A Defining Moment for Science Fiction

The foundation of Science Fiction resides in its vaporous definition

The foundation of Science Fiction resides in its vaporous definition

Over the years, Amazing Stories has compiled an extensive collection of tales with fantastic visions of the imagination. A staple in Science Fiction fandom, the magazine forged a hard nose following. But what is Science Fiction? On the outside it may seem recognizable, but on the inside SF covers a broad spectrum in literary language. Face it, there are so many sub-genres out there now falling under this category, some people (even those within the fandom) can get confused as to what is and what isn’t science fiction. The word “science fiction” is recognizable to the average fan, but the definition can easily become indistinguishable from other genre without taking a much closer look. So I thought about trying to narrow it down.

First, we’ll go old school and do what most people do when looking for a definition – look at it up! Let’s try Merriam-Webster.

“: fiction dealing principally with the impact of actual or imagined science on society or individuals or having a scientific factor as an essential orienting component”

Is this vague enough? The use of “actual or imagined science” covers just about anything one’s twisted mind can conjure up. I’m convinced that if you scrutinize a work of literature long enough, even the slightest element of science could file that work under the umbrella of SF. No, this definition is too unclear. On the other hand, this definition does shed some light on how something like Fantasy or Horror can sometimes end up on a bookshelf dedicated to SF. With slippery interpretations, only a diehard fan will know the difference.

As mentioned earlier, another loophole people may find in the science fiction category is by sneaking it in under one of the many sub-genres. There are a lot of them, and maybe that is part of the confusion. Here are just a few:

Alternate History; Apocalyptic / Post Apocalyptic; Contemporary/Near Future; Cyberpunk; Dystopian; Hard Science Fiction; Science Fiction Western; Shared World; Slipstream; Soft Science Fiction; Space Opera; Steampunk; Superhero, Time Travel; Weird Tale.

With the slightest twist of insinuation or interpretation, it’s clear that literary fiction has a vast field to play with and can easily fall under the banner of Science Fiction. I often wonder if even the purest work of fiction could be considered sci-fi, simply because the author (or publisher, or reader, or etc.) can just claim it as an alternate universe. Under the Merriam-Webster definition above, could Shakespeare’s Macbeth be considered as SF? Hey, it’s fiction. It’s imaginary. This is obviously an extreme example, but it does show the vagueness of the SF title.

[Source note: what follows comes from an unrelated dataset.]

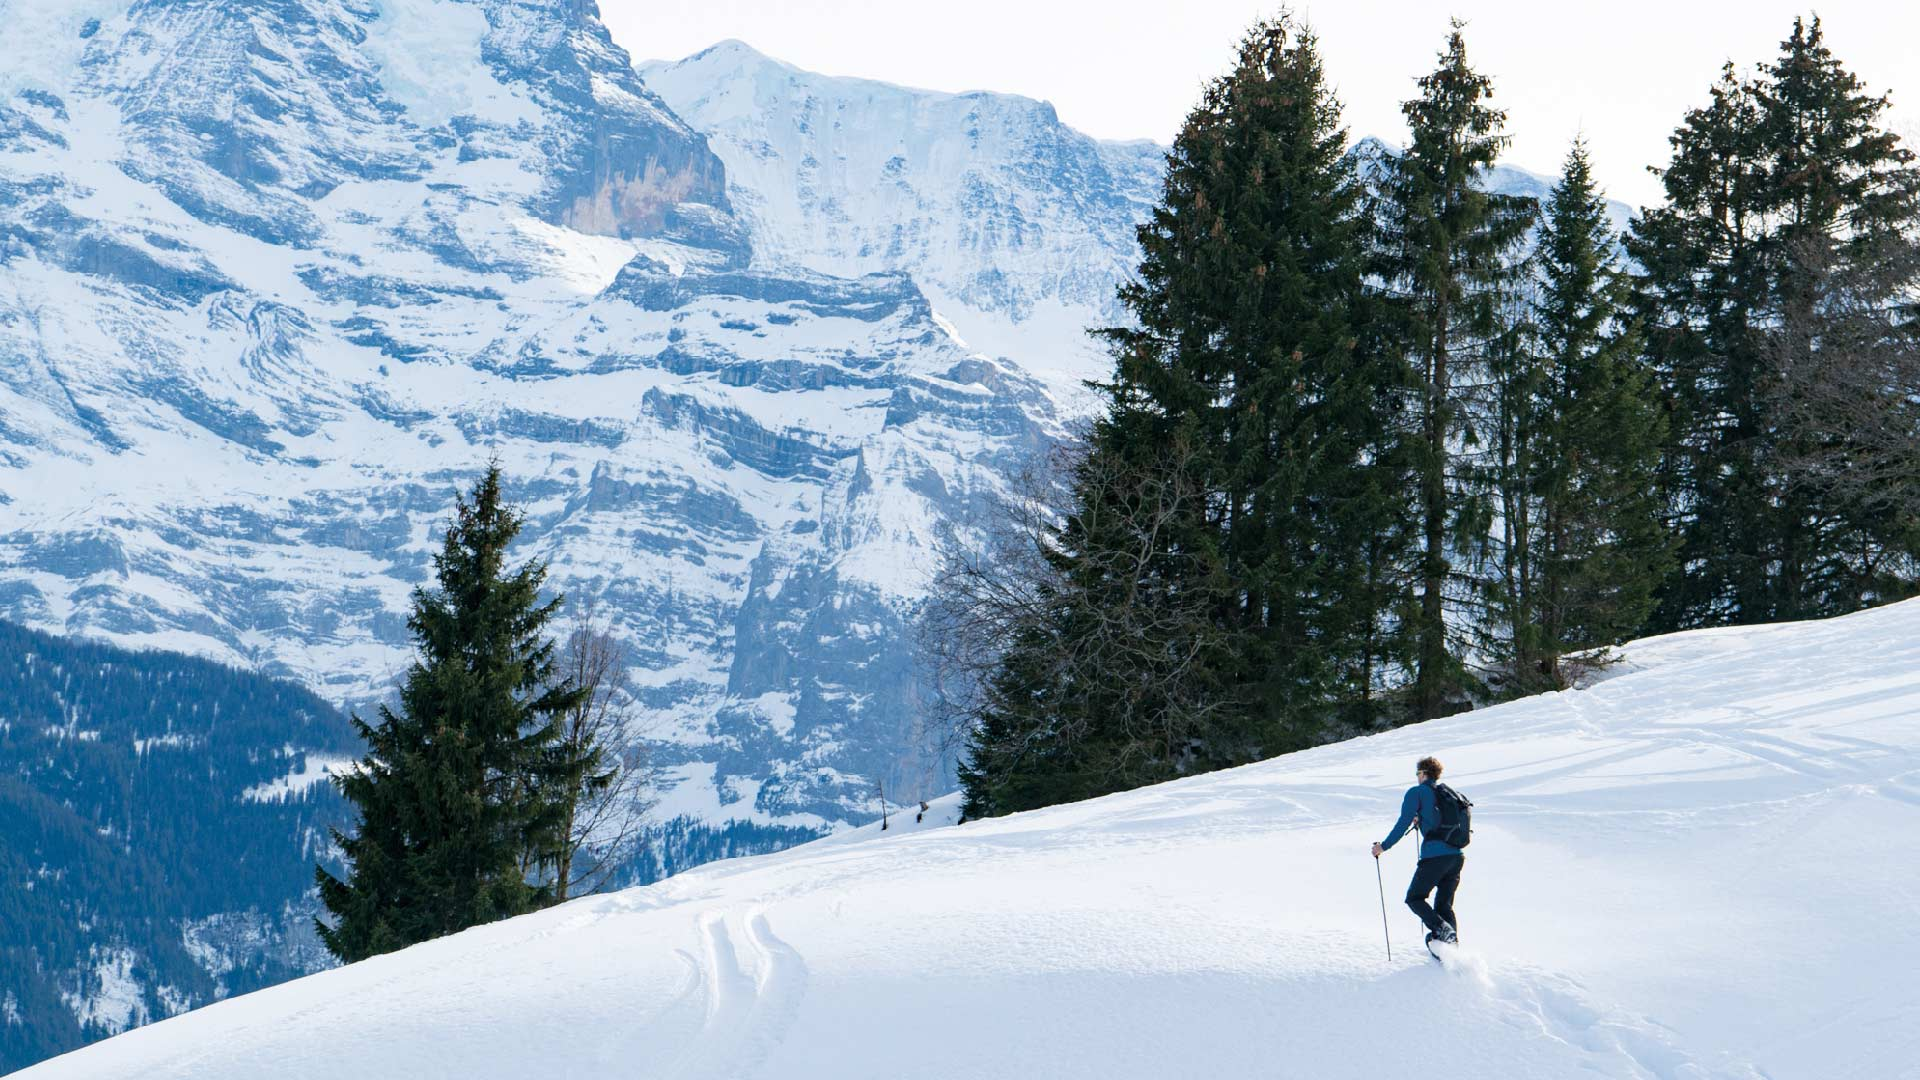 schneeschuh-outdoor-active-schnee-spass-natur-winter-schneeschuhlaeufer

Even Rod Serling of Twilight Zone fame gave the argument a try with, “Fantasy is the impossible made probable. Science Fiction is the improbable made possible.” This is a good definition as long as you’re talking to the right person or group. Time of publication plays a big role in this. Which genre would a story about Copernicus have fallen under if during his time you were writing a fictional story about his work?

But in this forum, we may want to look at the perspective of SF in the context of Amazing Stories. So let’s go back to April 1926 and look at the very the very first edition of Amazing Stories. Founder Hugo Gernsback coined “scientifiction” in his introduction titled “A New Sort of Magazine” for Volume 1, Number 1 of the magazine. Like most other attempts, it may not be a crystal clear definition. But it does give us a unique direction, a line in the sand to start from. Gernsback noted, “By ‘scientifiction’ I mean the Jules Verne, H. G. Wells, and Edgar Allen Poe type of story – a charming romance intermingled with scientific fact and prophetic vision.”

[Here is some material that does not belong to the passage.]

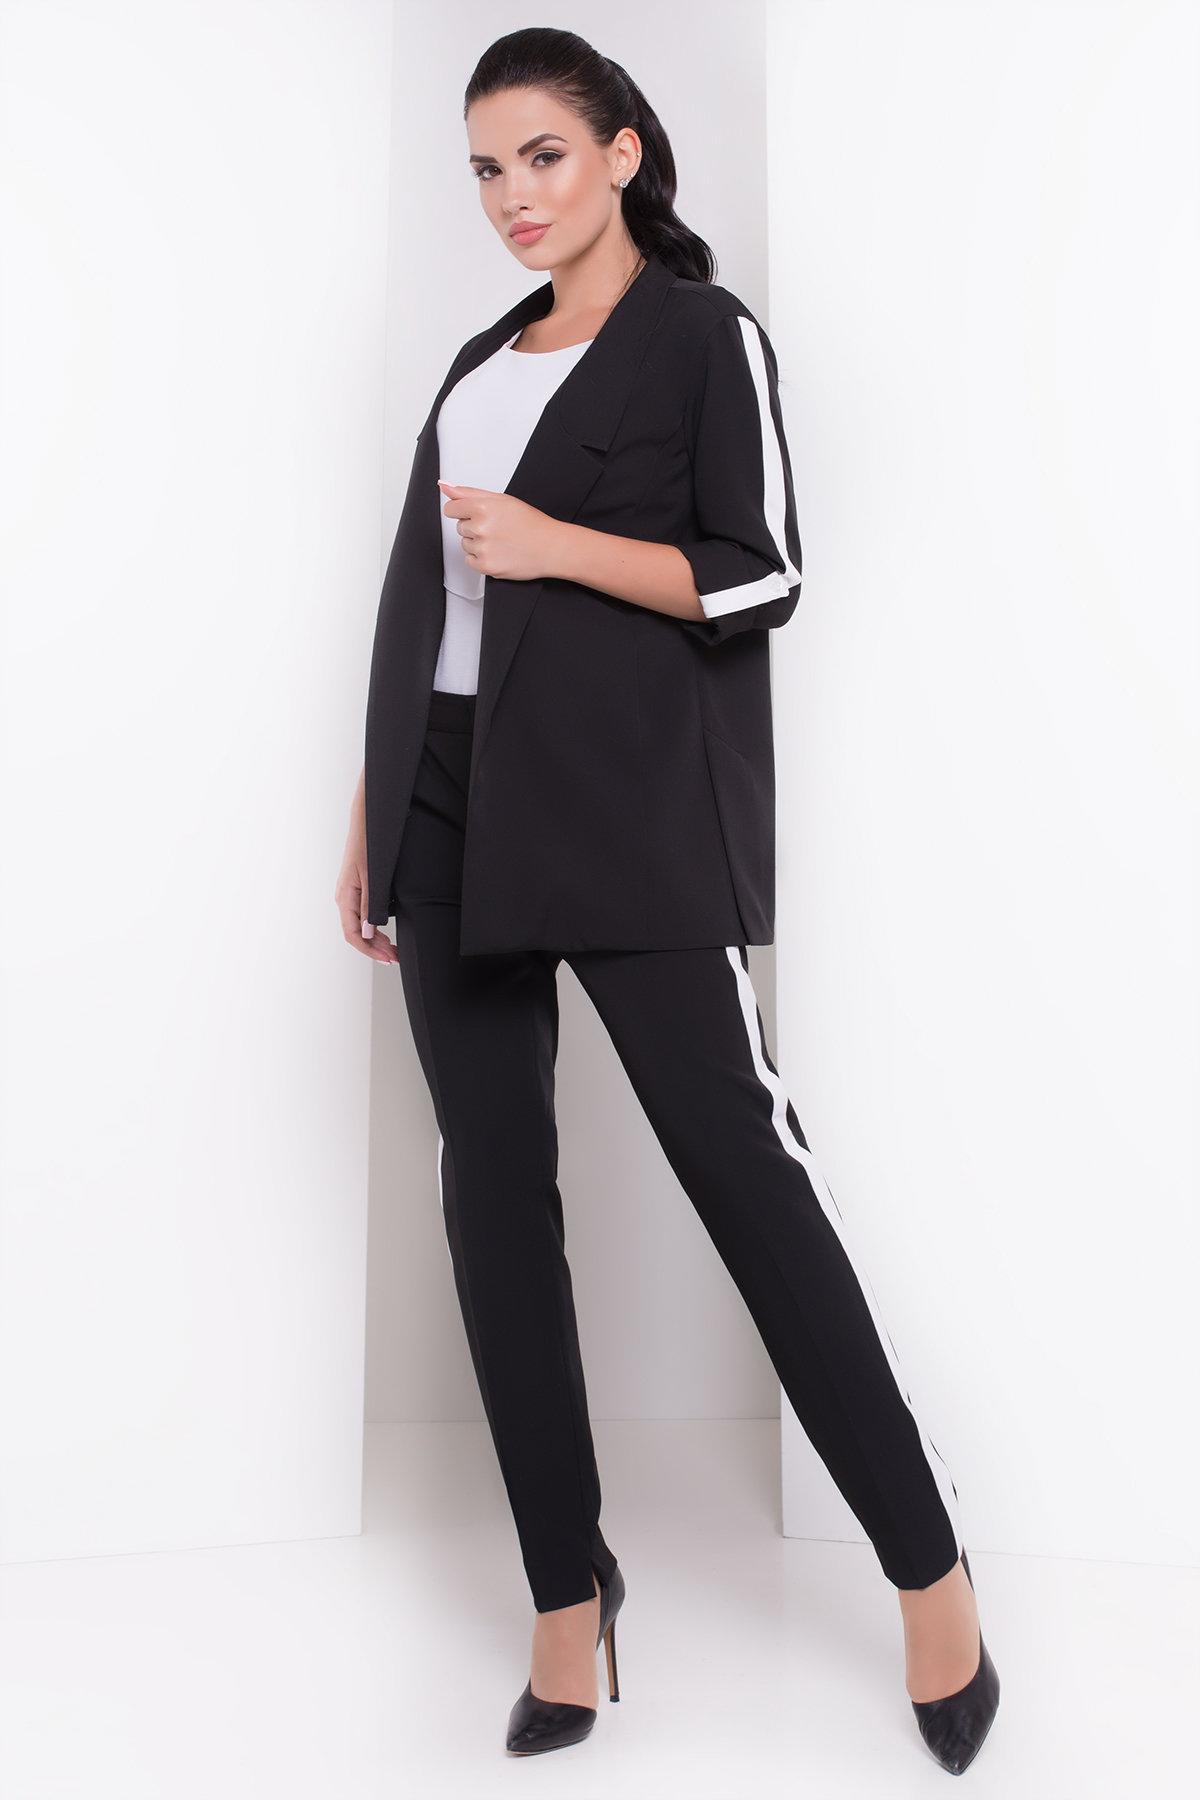 недорогие женские брюки Брюки Макеба 3247

Okay, Gernsback may not have narrowed it down as much as we would have liked, but he sure provided a distinct opinion. Science Fiction does not have to be equal to the genius of Verne, Wells and Poe (after all, the probability of this would be – well, it would fall under the genre of Fantasy). It should however exalt the passion and loyalty of its fandom while maintaining the integrity of what Amazing Stories has provided over the years.

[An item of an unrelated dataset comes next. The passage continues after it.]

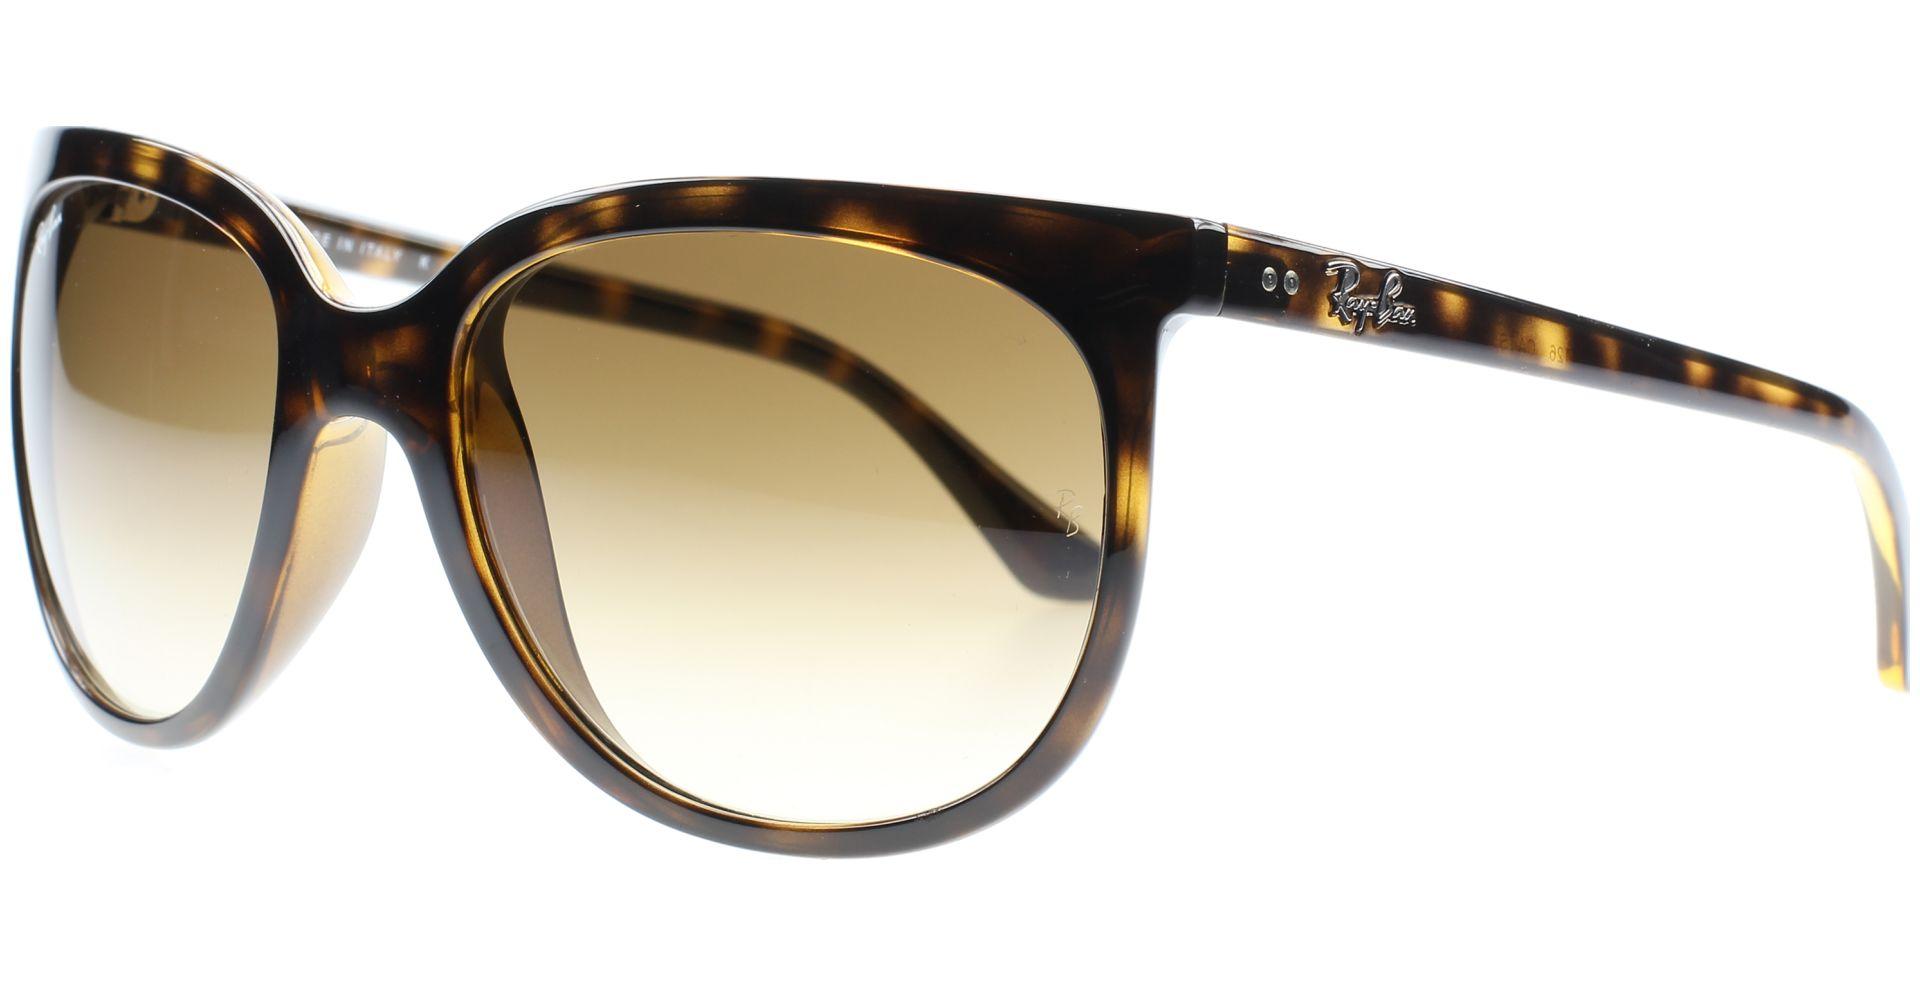 Ray-Ban CATS 1000 Sonnenbrille Helles Havana 710/51 57mm 44LsbC

What is Science Fiction? Is it the thin line between an unrefined reality and an acute madness? Or is it just a combination of the imagination gone wild while remaining honest with the reader? Maybe the foundation of Science Fiction simply resides in its vaporous definition. Perhaps this vague definition is by design, allowing the readers to broaden their focus. In my opinion…you’ll know Science Fiction when you see it.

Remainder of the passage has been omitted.